Don’t get me wrong, by the way–I think this sounds really cool. I’m just trying to figure it out.
(Oh, and while I’m here, is there a place to get the full rules for that playing-card-based two-person RPG that you were describing a while ago? That also sounded fantastic.)
Why Ready, Willing, Able? I get the gist of it, but they don’t make me think of the requirements you’ve got attached to them. Better to give them descriptively apt names that three things that happen to sync already in the consciousness, I say. You’re risking confusion for me as it stands.
I say this as someone who’s already engaged with this idea just from this post, so there’s a lot of goodness in there, to be sure. But I don’t think that naming convention is working for you as hard as it could be.
Benjamin:
In this case, it’s not the player being lazy. It’s the player going “I’ve made a character who’s really prepared. So tell me what the right preparation is.” It’s backwards from a lot of game mechanics, but it’s something I’ve seen in a lot of groups. The expected behavior here is that the player will announce a row or column that’s to their advantage, and the GM will pick the other knowing full well how difficult that makes the roll. So basic game-y concerns get leveraged into twisting the narrative around.

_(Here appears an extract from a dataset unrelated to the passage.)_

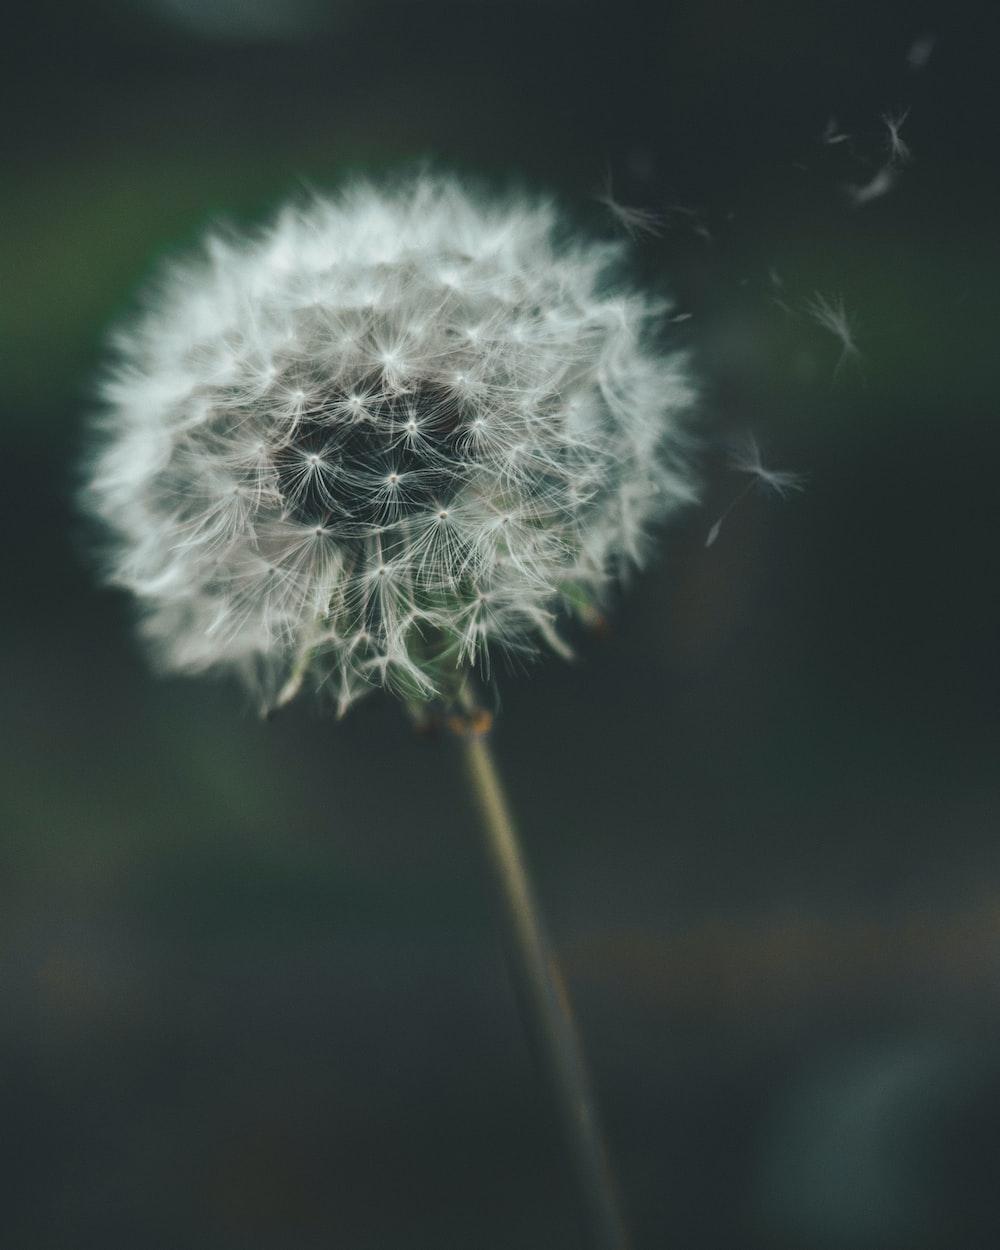 dandelion puff photo by sharon mccutcheon sharonmccutcheon on

Something I didn’t make clear above is that basically nothing gets narrated until the Attribute + Method have been picked.
As for To Seek Adventure, the two player game of swashbuckling and sorcery, we’re in the playtest stages right now. I’ll be posting more about it fairly soon.
Will:
(You know, I love how that coffee stain also looks like an ouroboros.)
The Attribute names are what occurred to me in the shower. They’re loosely borrowed from Remember Tomorrow, but don’t blame Gregor. You’re right that they’re not quite right; I’m working on new ones.